Meet Gudrun Sjoden
It’s been 40 years since Gudrun Sjödén opened her small Stockholm shop, a destination for women’s clothing with bright colors, botanical patterns and geometric shapes. That small business slowly became a global fashion empire, reaching customers in 70 countries.
And now the Swedish designer can add another accomplishment to her list: She’s opening her first museum exhibit stateside, courtesy of the American Swedish Institute (ASI) in Minneapolis. “The Swedish Institute contacted me and asked if I was interested in doing an exhibition,” Sjödén said by phone from Sweden last week. “I said, ‘Yes, of course. Let’s do this.’ ”
Sjödén recently staged an exhibition in her native Sweden. So “we knew a bit about how to make it happen,” she said. “And nowadays we have a lot of customers in the United States, so I thought people would appreciate seeing the exhibition.”
The installation kicks off Thursday night with ASI’s First Look party and fashion show, and continues through Oct. 28. Gallery-goers can expect to see designs from Sjödén’s previous collections and textiles created with her watercolor art, plus a pop-up shop featuring clothes from her Fall 2018 collection.
Who is Gudrun Sjödén?
Sjödén finds herself curious about the Swedish community in Minnesota, adding further appeal to her collaboration with ASI. “I learned that there are people [in Minnesota] who learn Swedish even though they’ve never been to Sweden,” she said. “That is so interesting.”
Another fascination is the hardships faced by the Midwest’s first Swedes: no railroads, no roads, growing all their own food. “It was not easy at all to find a way to survive.”
Sjödén can relate to the plight of living off the land. She was born in 1941 on a farm near a small Swedish mill town. When her father was drafted into World War II, the family lived in a pavilion with no electricity or water. She passed the days racking hay and fetching firewood. She sees the experience as a positive, though, ultimately shaping her vision as an entrepreneur.
Her childhood also involved knitting and weaving, and her art school training focused on freehand drawing and painting. Along with the bright colors of the ’60s, these early influences left a permanent imprint on her style. While other textile artists of the time were consumed with political agitation and cultural disruption — the designs of Mah Jong are a notable example — Sjödén remained true to her folklore- and nature-inspired art, creating clothes in the style of Marimekko but with an aggressively feminine twist.
Since launching her fashion line in 1974, Sjödén has stuck with that style — and women around the world have stuck with her. Today, her company Gudrun Sjödén AB has 17 international stores, including shops in Manhattan and London. In January 2018, Sjödén, who still operates the business as the CEO, accepted the Ernst & Young Entrepreneur of the Year award for “best international growth.”

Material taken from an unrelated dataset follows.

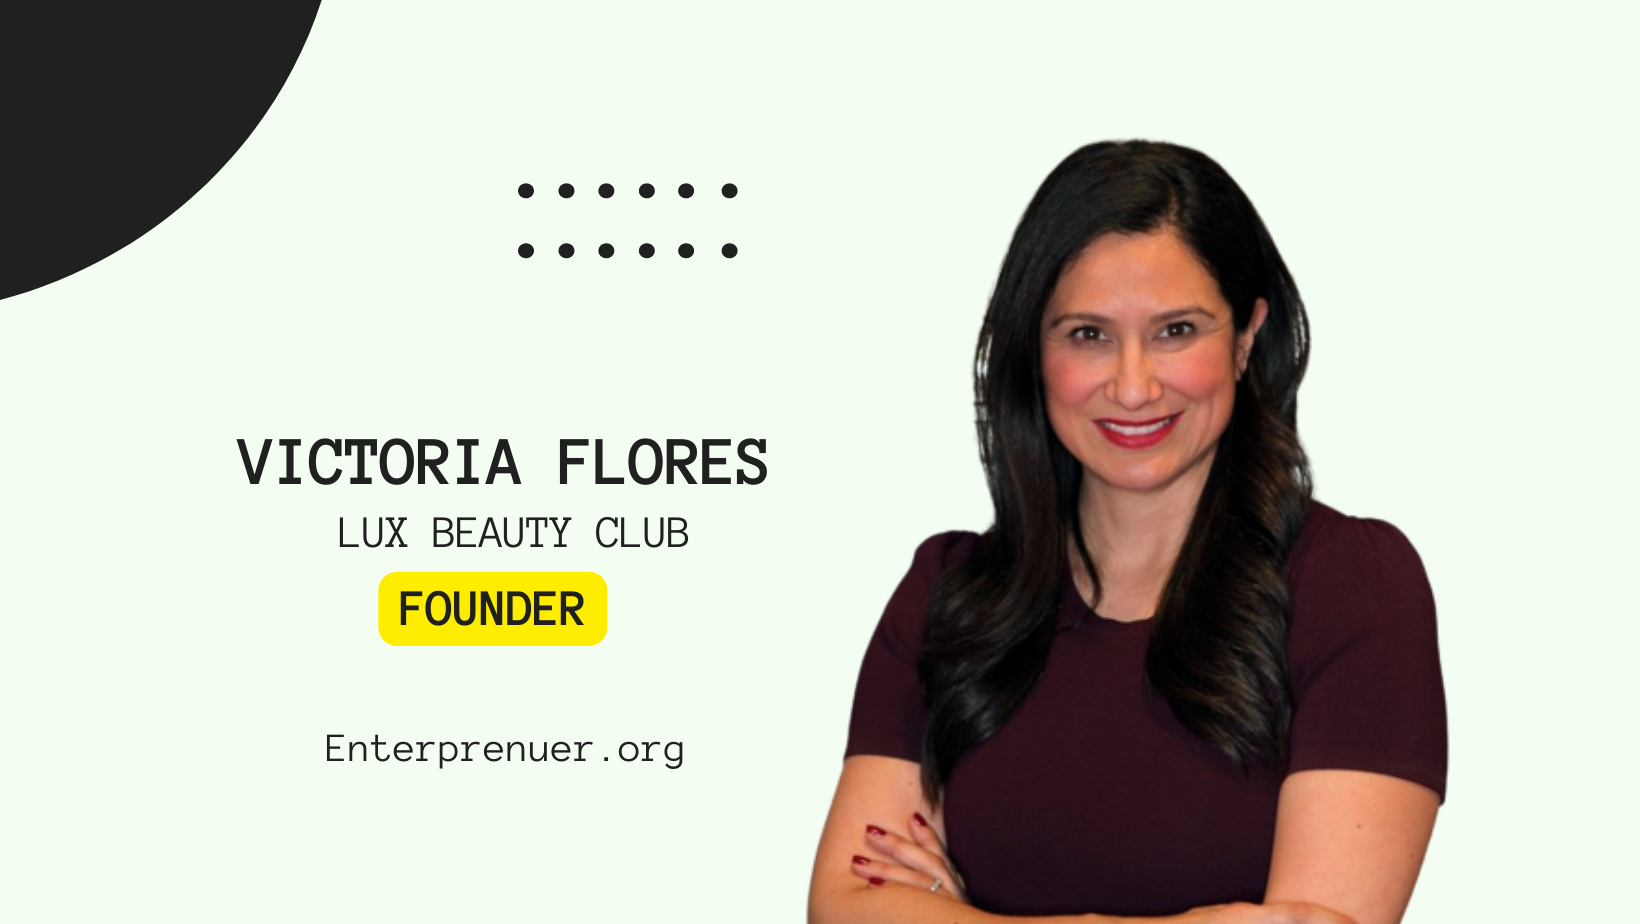 Meet Canna Queen Victoria Flores, Founder of Lux Beauty Club

Who is the Gudrun Sjödén customer?
Sjödén is inspired by diverse cultural traditions — one room of the ASI exhibit is devoted to designs inspired by cultures across the world. But her customers are concentrated in northern Europe, North America and Australia.
The Sjödén customer “is a person who loves colors and culture, and who is often very social,” said Monica Ekervik Hedman, a creative director and communication executive at Gudrun Sjödén AB. At the same time, Hedman said, Sjödén’s customers have rich inner lives. Sjödén and her design team strive to create clothes for “women who have no age,” Hedman said.
Much of the label’s clientele works with children in nurseries or schools, Sjödén said. Others work jobs with strict uniforms (flight attendants, nurses) and want a 180-degree sartorial switch as soon as clocking out. “They buy from me for more colors and patterns,” she said.
But the appeal of Sjödén’s clothes is very specific. While fans see her designs as signaling the perfect mix of whimsy and power, some find a juvenile quality in the bright colors and playful patterns — they might look better suited to a grade-schooler than an adult woman. Sjödén herself acknowledges this quality in her designs: “I really like patterns and stripes and so on, and I think maybe this is some kind of childish element.”
Cost is another factor for anyone who hopes to embrace Sjödén’s love for layering. Individual pieces are well-made (with natural and sustainable fabrics) with prices running high (clothes start at $74, scarves and shawls at $24 in the ASI pop-up shop). Put seven or eight pieces together — like the outfits styled in Sjödén’s catalogs — and you’ve got a relatively expensive get-up.
But at age 77, and as the head of one of Sweden’s most successful fashion businesses, Sjödén doesn’t pay much mind to her detractors. She’s outlasted innumerable trend-focused and politically reactionary brands, in part because her iconic style transcends the seasonal whims of the fast-fashion world.
“I am inspired by the folklore of Sweden and traditional cultures all over the world — Mexico, for example,” where the clothes are colorful and innocent, she said. “These clothes have been around for hundreds of years.”